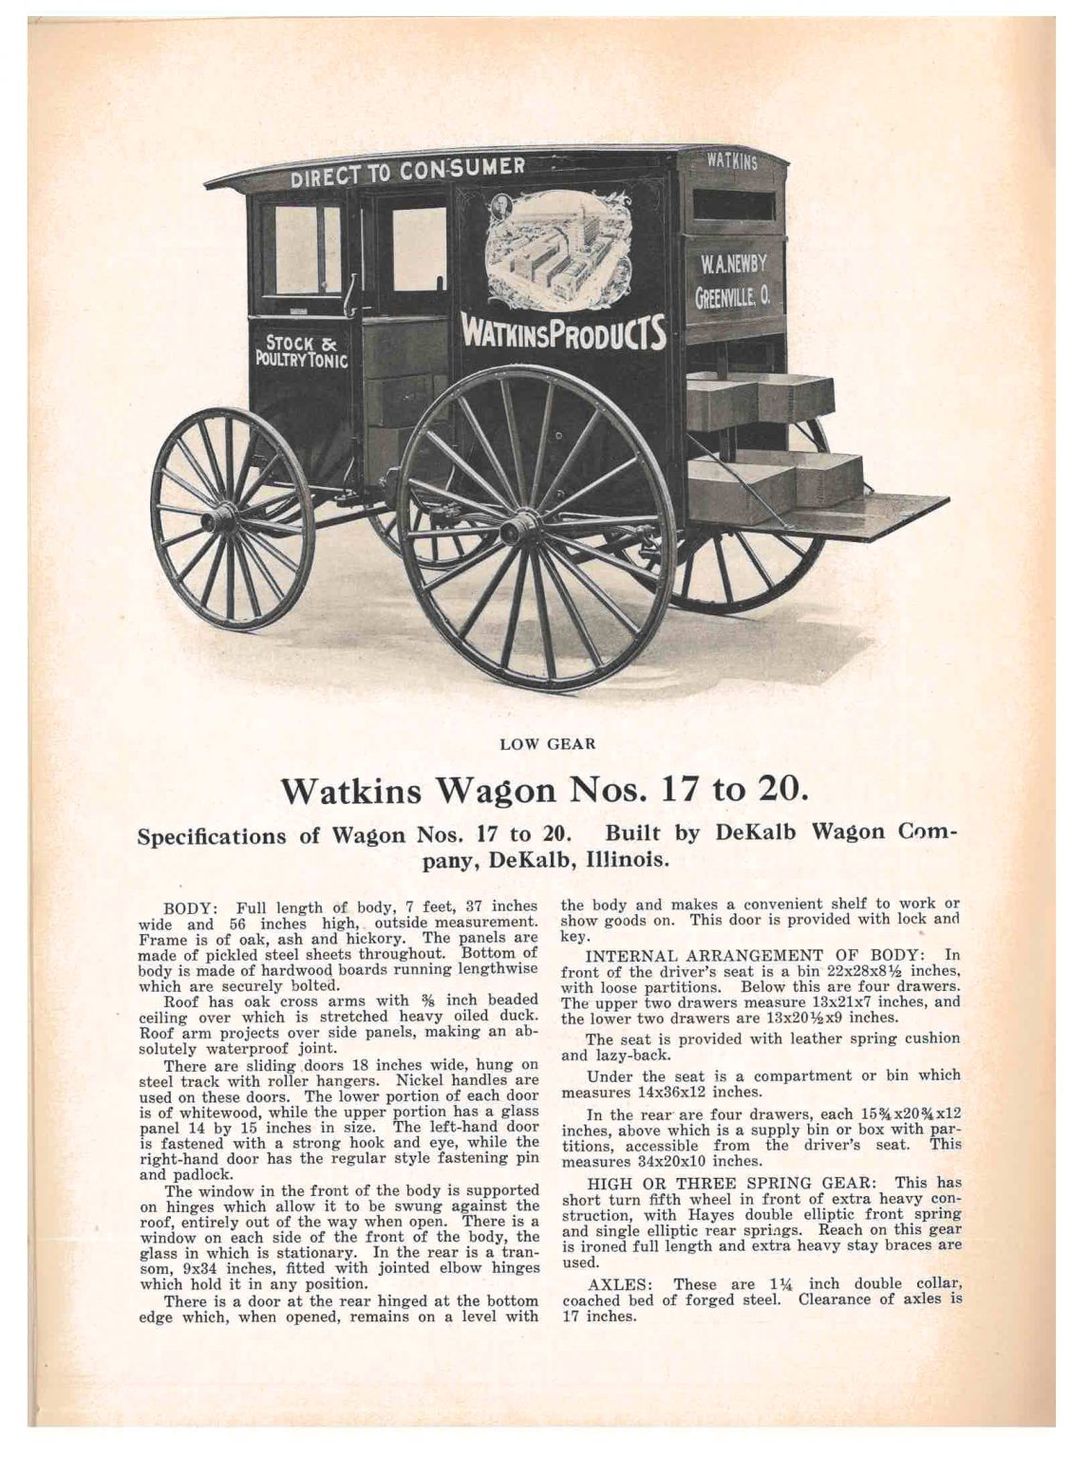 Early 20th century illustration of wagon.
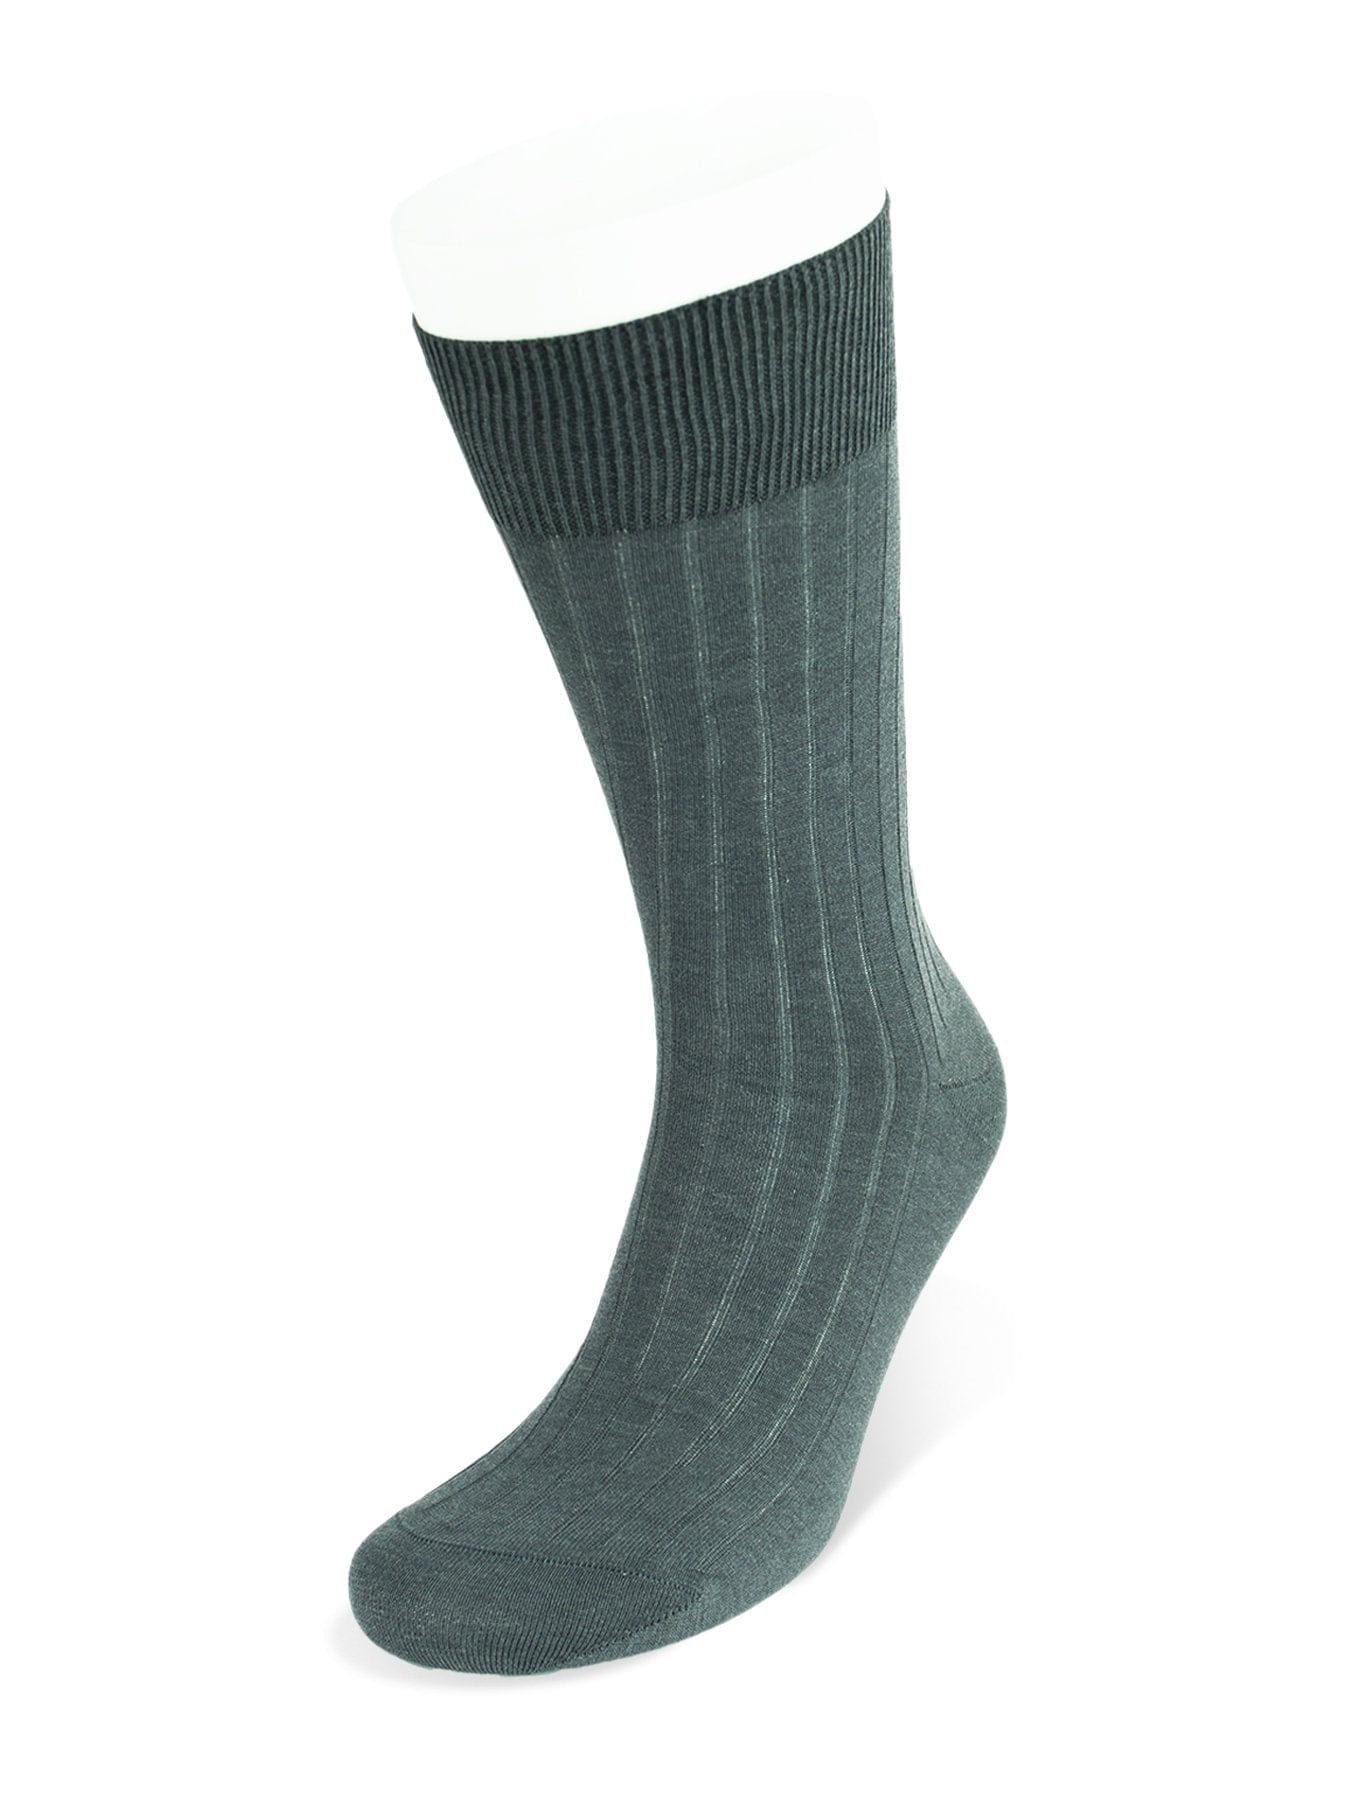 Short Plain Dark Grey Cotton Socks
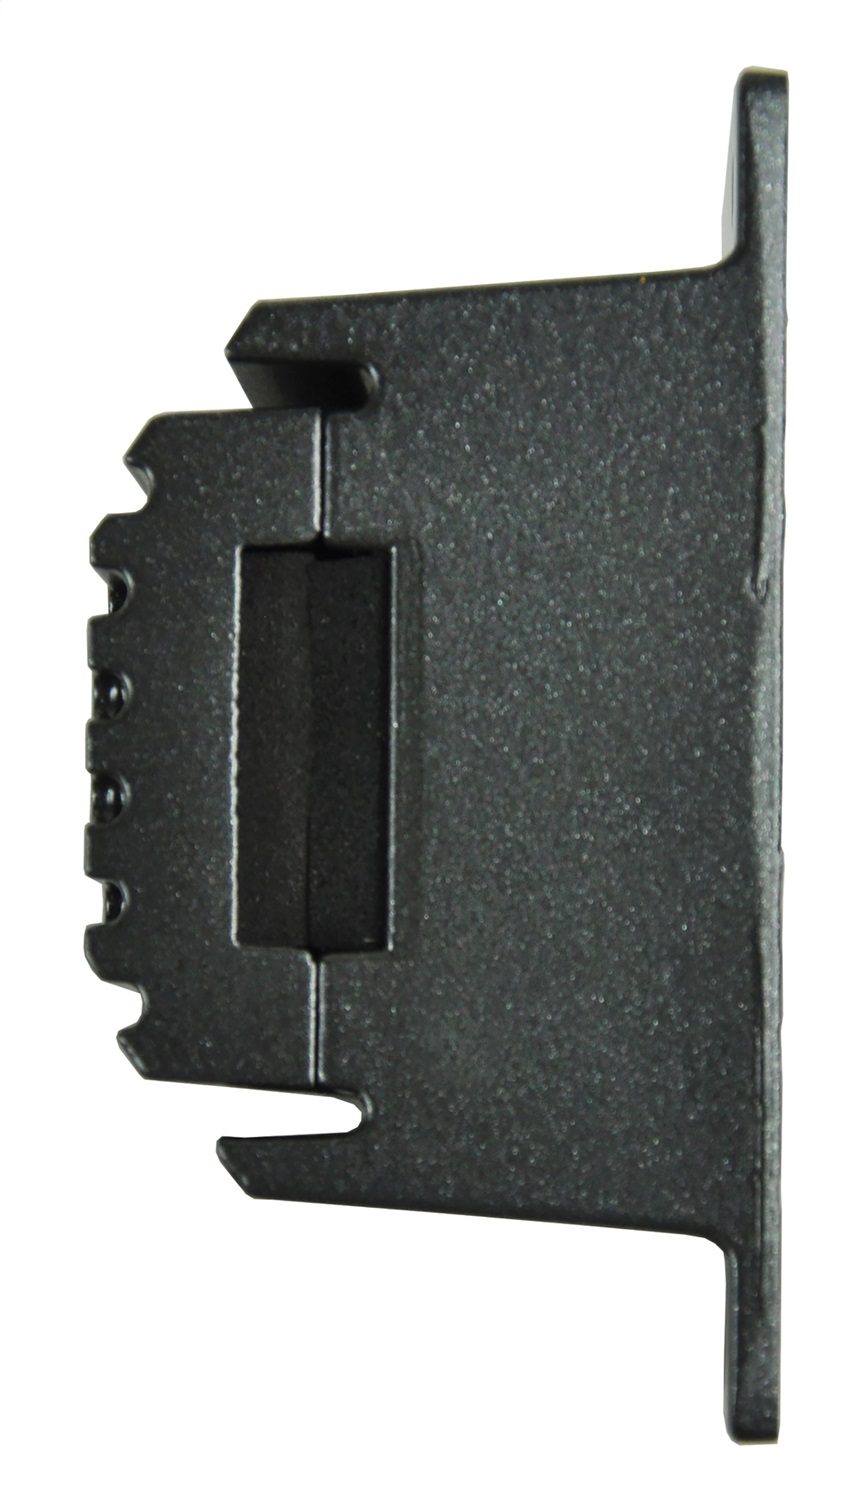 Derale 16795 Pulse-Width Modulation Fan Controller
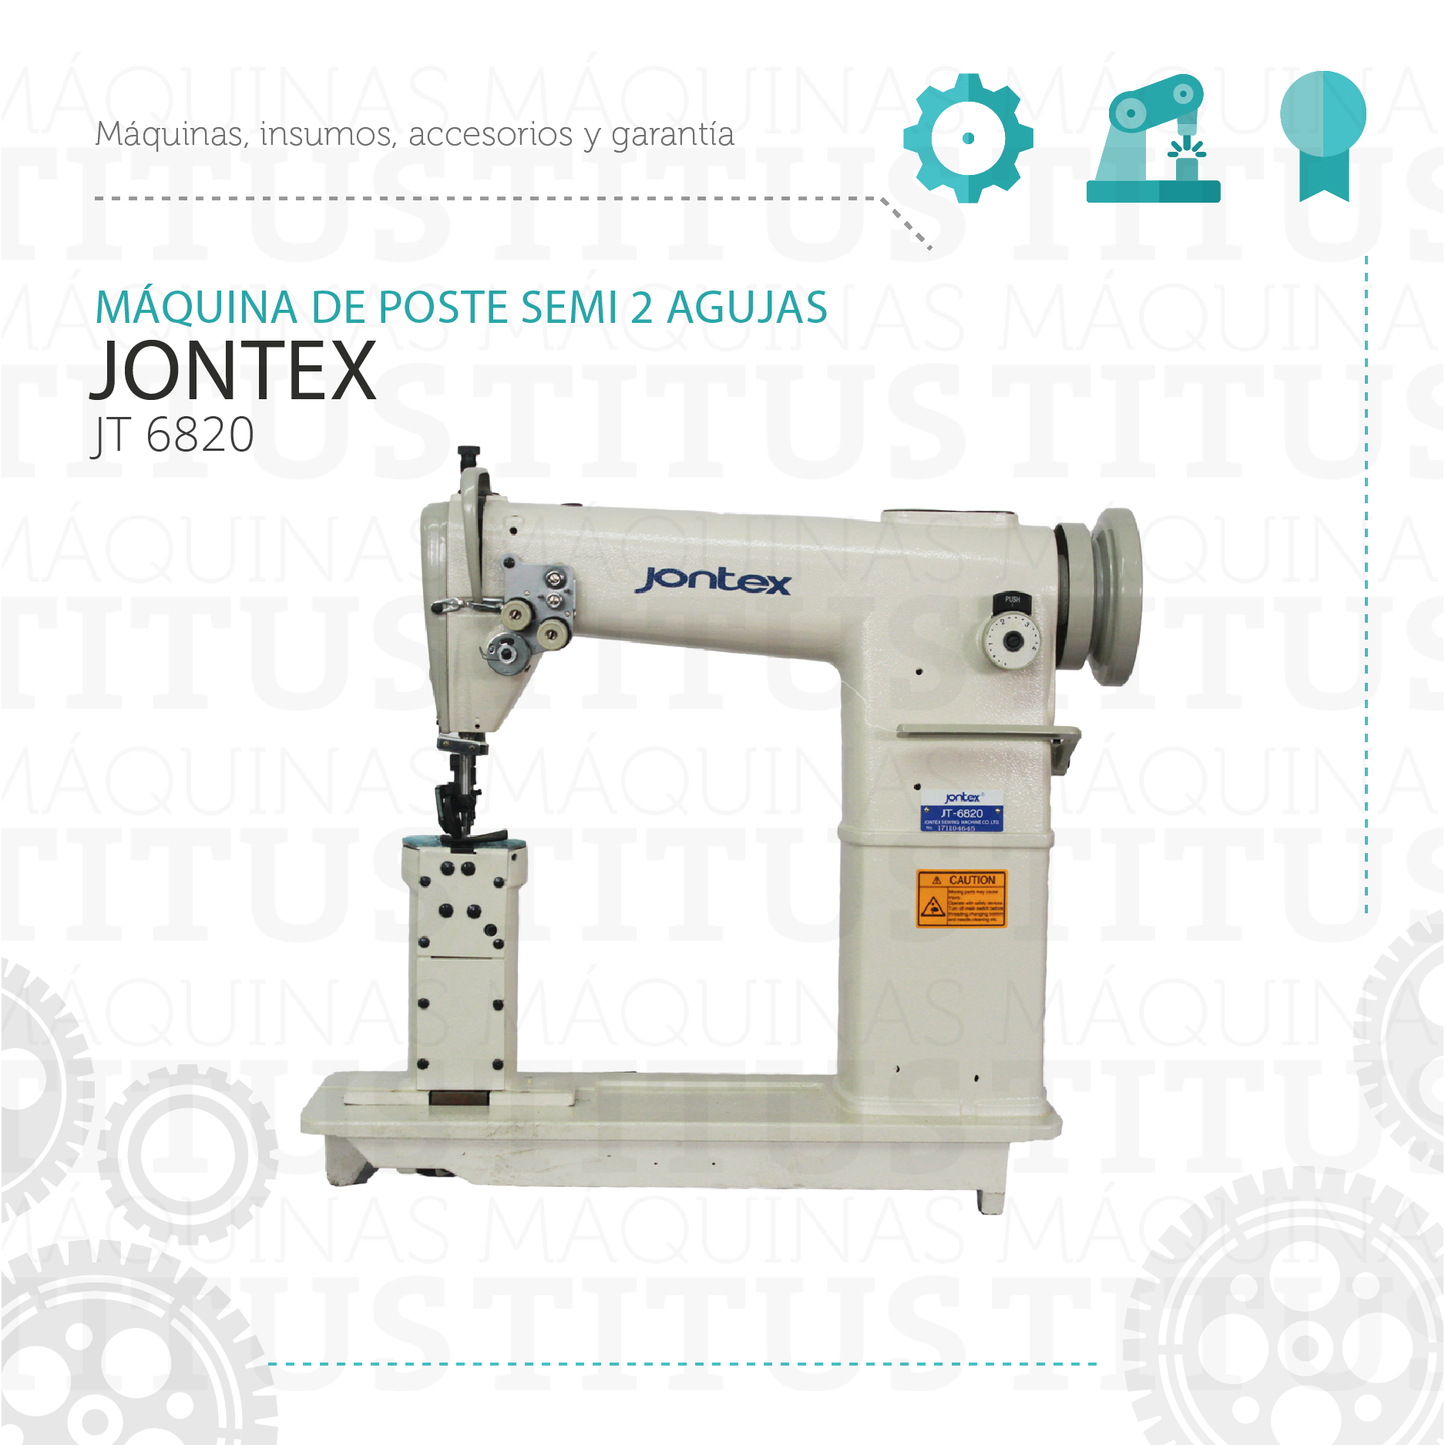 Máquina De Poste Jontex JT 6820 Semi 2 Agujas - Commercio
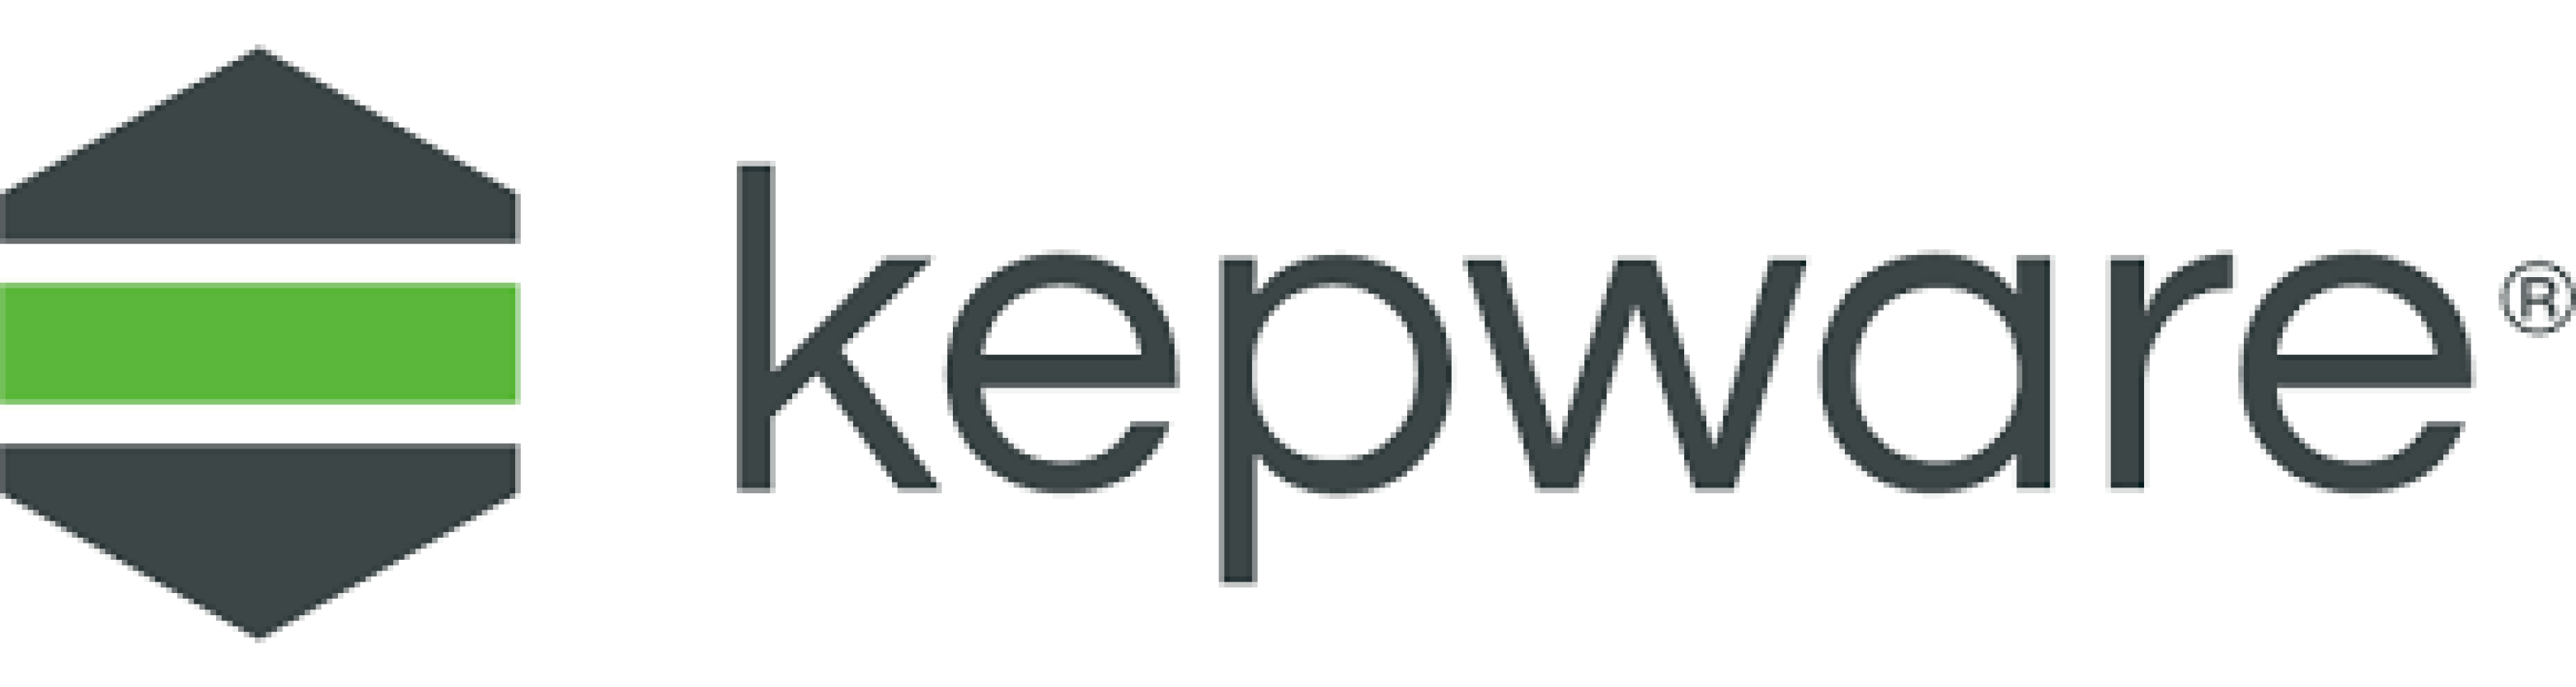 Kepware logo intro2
※ ※ ※
▶ _What is expected_
Could the entries above be written out word for word, pictures excluded?

▶ _Written solution_
 Early 20th century illustration of wagon.
 Short Plain Dark Grey Cotton Socks
 Derale 16795 Pulse-Width Modulation Fan Controller
 Máquina De Poste Jontex JT 6820 Semi 2 Agujas - Commercio
 Kepware logo intro2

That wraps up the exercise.